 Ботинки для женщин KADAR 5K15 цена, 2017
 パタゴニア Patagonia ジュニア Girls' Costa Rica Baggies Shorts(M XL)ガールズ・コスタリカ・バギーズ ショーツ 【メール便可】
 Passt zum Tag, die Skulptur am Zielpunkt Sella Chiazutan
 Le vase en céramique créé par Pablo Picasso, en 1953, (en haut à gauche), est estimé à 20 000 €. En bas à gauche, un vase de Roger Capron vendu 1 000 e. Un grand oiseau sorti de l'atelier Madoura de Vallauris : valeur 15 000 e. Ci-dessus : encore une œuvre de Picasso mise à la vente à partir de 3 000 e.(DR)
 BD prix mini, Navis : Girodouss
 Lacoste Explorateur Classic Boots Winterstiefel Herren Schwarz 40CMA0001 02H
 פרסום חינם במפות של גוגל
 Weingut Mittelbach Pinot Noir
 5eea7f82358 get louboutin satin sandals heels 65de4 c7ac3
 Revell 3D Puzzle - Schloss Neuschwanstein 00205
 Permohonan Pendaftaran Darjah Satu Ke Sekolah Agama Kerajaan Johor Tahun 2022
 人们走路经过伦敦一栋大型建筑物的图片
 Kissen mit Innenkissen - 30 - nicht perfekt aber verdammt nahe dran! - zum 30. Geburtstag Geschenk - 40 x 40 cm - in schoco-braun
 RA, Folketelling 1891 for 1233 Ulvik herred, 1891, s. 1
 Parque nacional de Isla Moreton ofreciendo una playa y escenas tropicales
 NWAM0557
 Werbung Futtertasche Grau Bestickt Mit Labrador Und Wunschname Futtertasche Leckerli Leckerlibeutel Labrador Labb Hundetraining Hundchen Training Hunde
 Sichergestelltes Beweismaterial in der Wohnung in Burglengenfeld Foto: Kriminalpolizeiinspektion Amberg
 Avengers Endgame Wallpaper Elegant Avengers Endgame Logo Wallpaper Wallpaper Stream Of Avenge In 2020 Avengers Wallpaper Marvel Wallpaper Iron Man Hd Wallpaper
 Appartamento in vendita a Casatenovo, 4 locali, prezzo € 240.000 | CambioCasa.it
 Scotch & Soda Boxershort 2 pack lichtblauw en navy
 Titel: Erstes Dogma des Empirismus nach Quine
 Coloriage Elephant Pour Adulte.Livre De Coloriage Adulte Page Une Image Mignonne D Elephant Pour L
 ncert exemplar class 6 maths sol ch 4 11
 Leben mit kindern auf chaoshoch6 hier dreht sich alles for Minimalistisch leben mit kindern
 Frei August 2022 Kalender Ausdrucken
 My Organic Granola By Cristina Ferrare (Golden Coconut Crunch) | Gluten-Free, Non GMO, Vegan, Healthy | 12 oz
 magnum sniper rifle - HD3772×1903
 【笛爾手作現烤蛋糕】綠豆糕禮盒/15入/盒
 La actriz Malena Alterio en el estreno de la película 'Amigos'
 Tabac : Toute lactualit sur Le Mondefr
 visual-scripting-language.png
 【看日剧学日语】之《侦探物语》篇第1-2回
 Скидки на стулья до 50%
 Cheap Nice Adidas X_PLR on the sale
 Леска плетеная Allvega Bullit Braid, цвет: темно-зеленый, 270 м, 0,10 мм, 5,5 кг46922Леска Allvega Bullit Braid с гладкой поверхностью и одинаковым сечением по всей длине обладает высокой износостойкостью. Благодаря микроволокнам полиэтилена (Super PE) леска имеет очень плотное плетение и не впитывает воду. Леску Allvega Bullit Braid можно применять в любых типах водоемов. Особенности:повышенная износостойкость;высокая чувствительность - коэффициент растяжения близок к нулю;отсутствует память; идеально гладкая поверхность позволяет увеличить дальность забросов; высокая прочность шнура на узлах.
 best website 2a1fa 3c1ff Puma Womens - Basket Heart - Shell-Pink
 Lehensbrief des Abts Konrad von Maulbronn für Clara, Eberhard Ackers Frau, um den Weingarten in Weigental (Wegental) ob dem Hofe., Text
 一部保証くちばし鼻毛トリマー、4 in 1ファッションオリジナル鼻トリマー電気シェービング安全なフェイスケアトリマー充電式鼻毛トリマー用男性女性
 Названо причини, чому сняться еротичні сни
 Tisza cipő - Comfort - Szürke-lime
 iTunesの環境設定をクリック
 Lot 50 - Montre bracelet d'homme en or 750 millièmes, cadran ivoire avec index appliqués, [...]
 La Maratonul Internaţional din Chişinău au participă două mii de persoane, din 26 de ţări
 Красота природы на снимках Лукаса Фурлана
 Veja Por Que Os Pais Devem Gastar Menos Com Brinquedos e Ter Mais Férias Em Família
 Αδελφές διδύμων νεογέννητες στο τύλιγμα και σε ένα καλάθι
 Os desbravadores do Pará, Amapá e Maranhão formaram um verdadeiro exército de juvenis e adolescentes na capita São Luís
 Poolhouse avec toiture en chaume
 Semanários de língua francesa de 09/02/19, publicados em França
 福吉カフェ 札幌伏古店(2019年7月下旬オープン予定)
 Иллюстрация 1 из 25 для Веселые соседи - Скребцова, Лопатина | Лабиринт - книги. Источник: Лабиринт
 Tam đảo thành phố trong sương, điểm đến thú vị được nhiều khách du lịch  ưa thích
_ _ _ _ _ _ _
Instructions to follow:
Print out all the material above, unaltered.

Solution for this exercise:
 Ботинки для женщин KADAR 5K15 цена, 2017
 パタゴニア Patagonia ジュニア Girls' Costa Rica Baggies Shorts(M XL)ガールズ・コスタリカ・バギーズ ショーツ 【メール便可】
 Passt zum Tag, die Skulptur am Zielpunkt Sella Chiazutan
 Le vase en céramique créé par Pablo Picasso, en 1953, (en haut à gauche), est estimé à 20 000 €. En bas à gauche, un vase de Roger Capron vendu 1 000 e. Un grand oiseau sorti de l'atelier Madoura de Vallauris : valeur 15 000 e. Ci-dessus : encore une œuvre de Picasso mise à la vente à partir de 3 000 e.(DR)
 BD prix mini, Navis : Girodouss
 Lacoste Explorateur Classic Boots Winterstiefel Herren Schwarz 40CMA0001 02H
 פרסום חינם במפות של גוגל
 Weingut Mittelbach Pinot Noir
 5eea7f82358 get louboutin satin sandals heels 65de4 c7ac3
 Revell 3D Puzzle - Schloss Neuschwanstein 00205
 Permohonan Pendaftaran Darjah Satu Ke Sekolah Agama Kerajaan Johor Tahun 2022
 人们走路经过伦敦一栋大型建筑物的图片
 Kissen mit Innenkissen - 30 - nicht perfekt aber verdammt nahe dran! - zum 30. Geburtstag Geschenk - 40 x 40 cm - in schoco-braun
 RA, Folketelling 1891 for 1233 Ulvik herred, 1891, s. 1
 Parque nacional de Isla Moreton ofreciendo una playa y escenas tropicales
 NWAM0557
 Werbung Futtertasche Grau Bestickt Mit Labrador Und Wunschname Futtertasche Leckerli Leckerlibeutel Labrador Labb Hundetraining Hundchen Training Hunde
 Sichergestelltes Beweismaterial in der Wohnung in Burglengenfeld Foto: Kriminalpolizeiinspektion Amberg
 Avengers Endgame Wallpaper Elegant Avengers Endgame Logo Wallpaper Wallpaper Stream Of Avenge In 2020 Avengers Wallpaper Marvel Wallpaper Iron Man Hd Wallpaper
 Appartamento in vendita a Casatenovo, 4 locali, prezzo € 240.000 | CambioCasa.it
 Scotch & Soda Boxershort 2 pack lichtblauw en navy
 Titel: Erstes Dogma des Empirismus nach Quine
 Coloriage Elephant Pour Adulte.Livre De Coloriage Adulte Page Une Image Mignonne D Elephant Pour L
 ncert exemplar class 6 maths sol ch 4 11
 Leben mit kindern auf chaoshoch6 hier dreht sich alles for Minimalistisch leben mit kindern
 Frei August 2022 Kalender Ausdrucken
 My Organic Granola By Cristina Ferrare (Golden Coconut Crunch) | Gluten-Free, Non GMO, Vegan, Healthy | 12 oz
 magnum sniper rifle - HD3772×1903
 【笛爾手作現烤蛋糕】綠豆糕禮盒/15入/盒
 La actriz Malena Alterio en el estreno de la película 'Amigos'
 Tabac : Toute lactualit sur Le Mondefr
 visual-scripting-language.png
 【看日剧学日语】之《侦探物语》篇第1-2回
 Скидки на стулья до 50%
 Cheap Nice Adidas X_PLR on the sale
 Леска плетеная Allvega Bullit Braid, цвет: темно-зеленый, 270 м, 0,10 мм, 5,5 кг46922Леска Allvega Bullit Braid с гладкой поверхностью и одинаковым сечением по всей длине обладает высокой износостойкостью. Благодаря микроволокнам полиэтилена (Super PE) леска имеет очень плотное плетение и не впитывает воду. Леску Allvega Bullit Braid можно применять в любых типах водоемов. Особенности:повышенная износостойкость;высокая чувствительность - коэффициент растяжения близок к нулю;отсутствует память; идеально гладкая поверхность позволяет увеличить дальность забросов; высокая прочность шнура на узлах.
 best website 2a1fa 3c1ff Puma Womens - Basket Heart - Shell-Pink
 Lehensbrief des Abts Konrad von Maulbronn für Clara, Eberhard Ackers Frau, um den Weingarten in Weigental (Wegental) ob dem Hofe., Text
 一部保証くちばし鼻毛トリマー、4 in 1ファッションオリジナル鼻トリマー電気シェービング安全なフェイスケアトリマー充電式鼻毛トリマー用男性女性
 Названо причини, чому сняться еротичні сни
 Tisza cipő - Comfort - Szürke-lime
 iTunesの環境設定をクリック
 Lot 50 - Montre bracelet d'homme en or 750 millièmes, cadran ivoire avec index appliqués, [...]
 La Maratonul Internaţional din Chişinău au participă două mii de persoane, din 26 de ţări
 Красота природы на снимках Лукаса Фурлана
 Veja Por Que Os Pais Devem Gastar Menos Com Brinquedos e Ter Mais Férias Em Família
 Αδελφές διδύμων νεογέννητες στο τύλιγμα και σε ένα καλάθι
 Os desbravadores do Pará, Amapá e Maranhão formaram um verdadeiro exército de juvenis e adolescentes na capita São Luís
 Poolhouse avec toiture en chaume
 Semanários de língua francesa de 09/02/19, publicados em França
 福吉カフェ 札幌伏古店(2019年7月下旬オープン予定)
 Иллюстрация 1 из 25 для Веселые соседи - Скребцова, Лопатина | Лабиринт - книги. Источник: Лабиринт
 Tam đảo thành phố trong sương, điểm đến thú vị được nhiều khách du lịch  ưa thích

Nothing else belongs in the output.